We spent the night in another part of the island, sitting on a hillside watching a fiery sunset from above the clouds.

Cars from the clouds, Vilaflor, Tenerife

At one point, below us a plane emerged from the blue bank of fluffy but threatening clouds at the same time and nearly the same place as a car’s headlights. At least from our position it looked as though it was nearly the same place. Curious.

Above us the sky dazzled with constellations.

This morning someone had painted it a dull grey.

Drizzle and low mist accompanied us on the drive home through the mountains. We sprinted through watery bullets to the sanctuary of the house… and discovered the electricity was off, the main switch tripped. Heavy rain was the culprit. Whilst we enjoyed ourselves above the clouds, their contents had been making mischief.

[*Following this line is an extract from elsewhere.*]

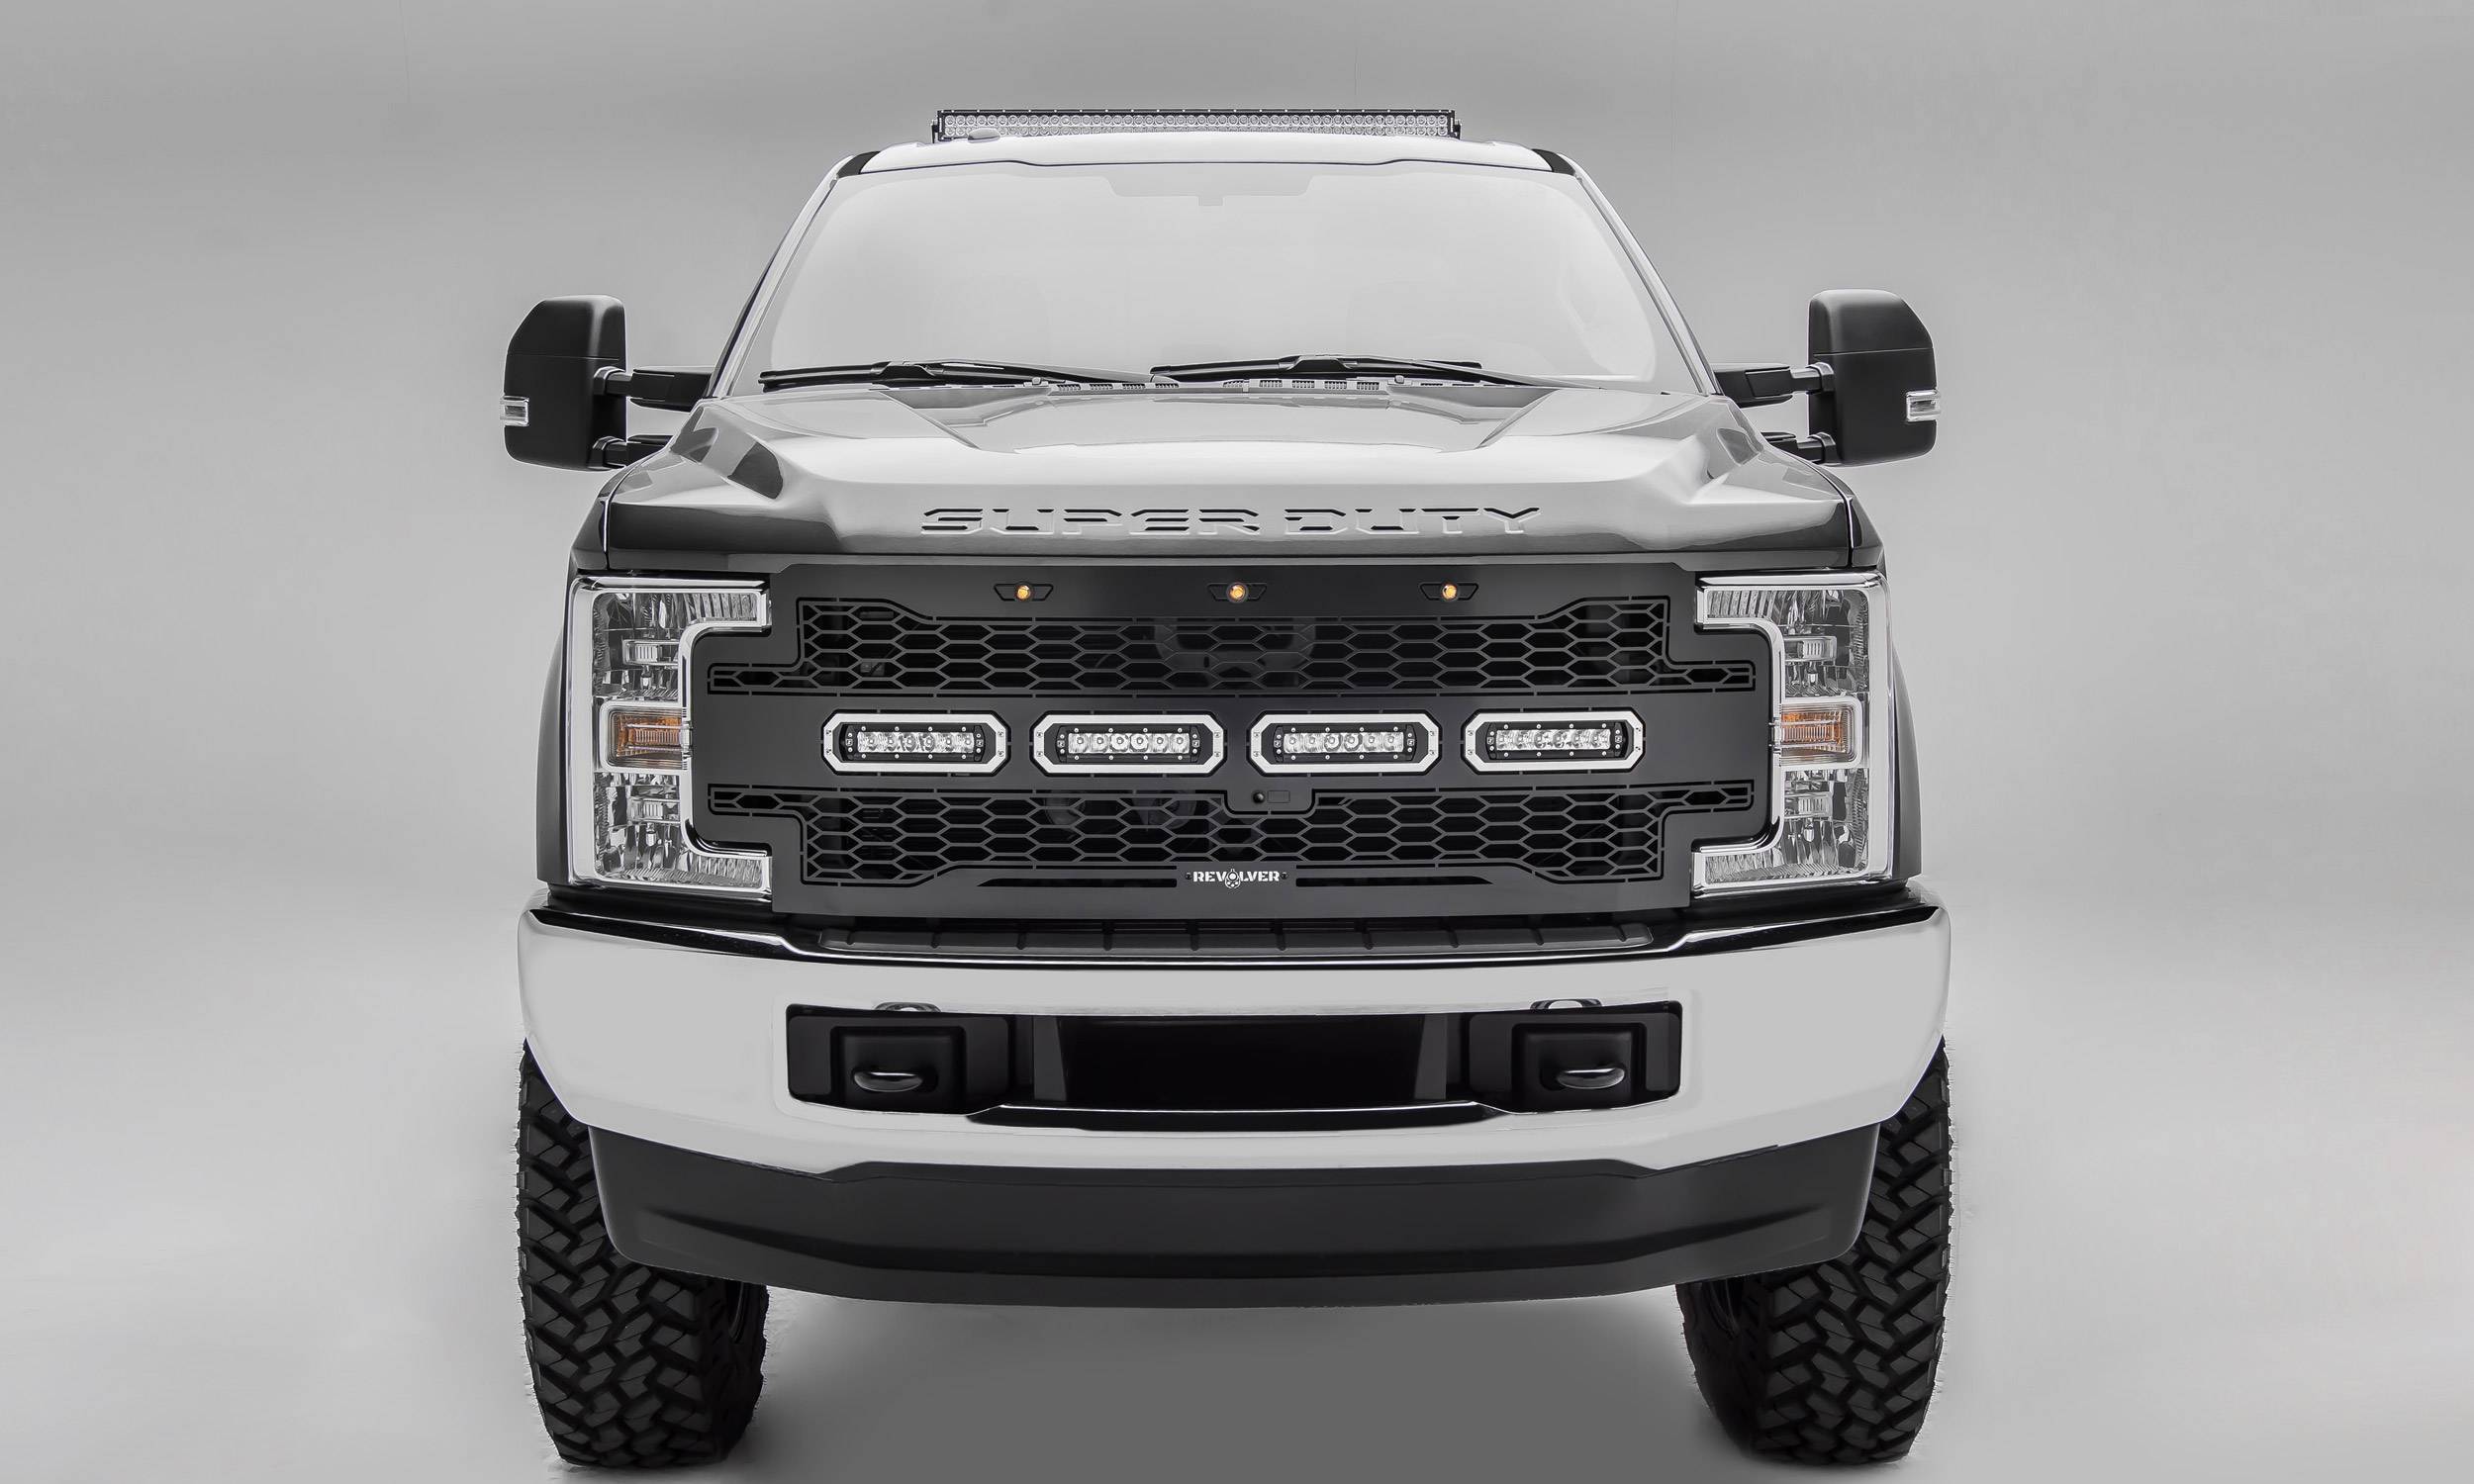 T-REX Grilles - 2017-2019 Super Duty Revolver Grille, Black, 1 Pc, Replacement with (4) 6" LEDs, Fits Vehicles with Camera - Part # 6515631
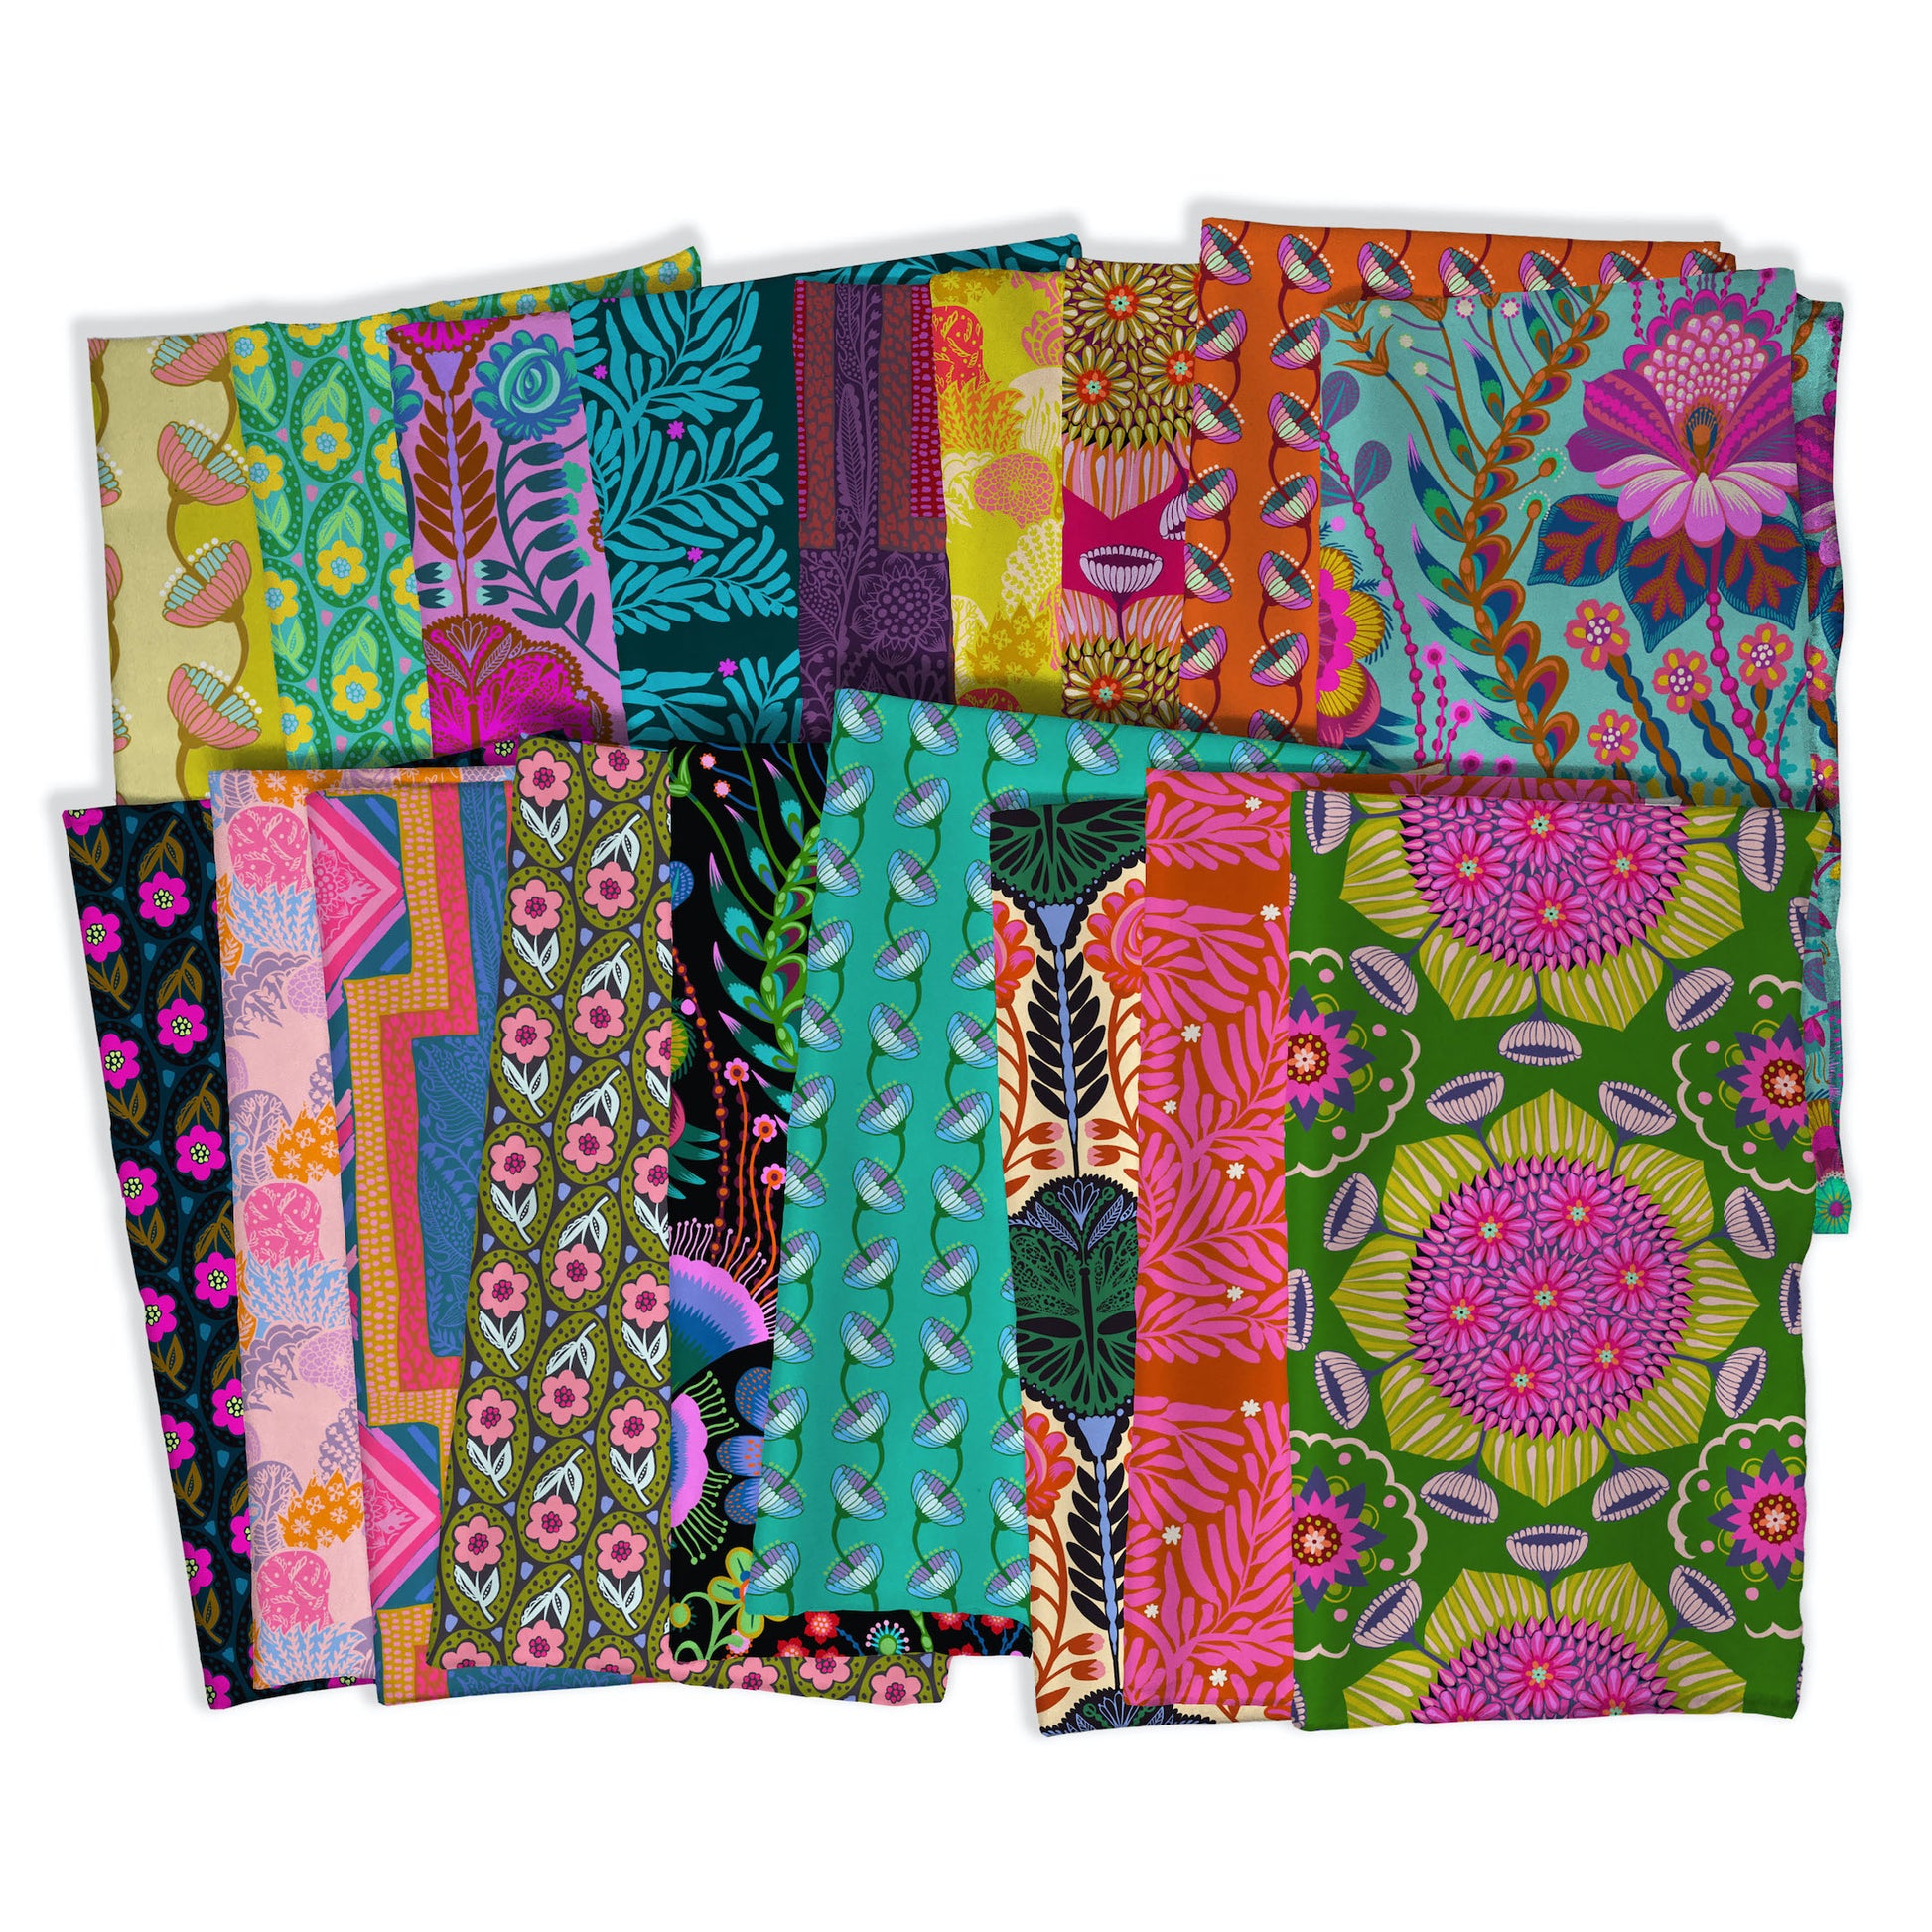 Anna Maria Brave fabric stack charm pack 10" available at 2 Sew textiles art quilt supplies

I flicked the switch and it jumped back to its mutinous non-working position.

I tried again and it immediately flicked off again.

This was a problem.

The electricity company had recently installed a new meter on the road about 100 metres away. Don’t ask me why our electricity meter should be there, it just is. ‘Improvements’ here can often result in the opposite, so the first thing I did was to check it hadn’t malfunctioned. It hadn’t.

A red light bleeped a clear message. ‘It’s not my fault.’

The second suspect was a socket under the avocado tree in the garden. It’s been a problem in the past. If not positioned properly, rainwater seeps in and trips the electricity.

On my way to the suspect tree I met my neighbours talking to an unfamiliar man who seemed to know a lot about electricity (I don’t). He advised me to carry out an elimination process, switching certain areas on and off and trying the main switch to identify where the problem was. It seemed a sound and simple idea.

A couple of clicks later and the avocado tree was found guilty as suspected.

The electricity is back on, and so is the rain.

In the garden, a plug socket underneath an avocado tree sits encased in a plastic bag under the protection of the bottom part of an eight litre plastic water bottle.

This primitive contraption will determine whether we will have light tonight.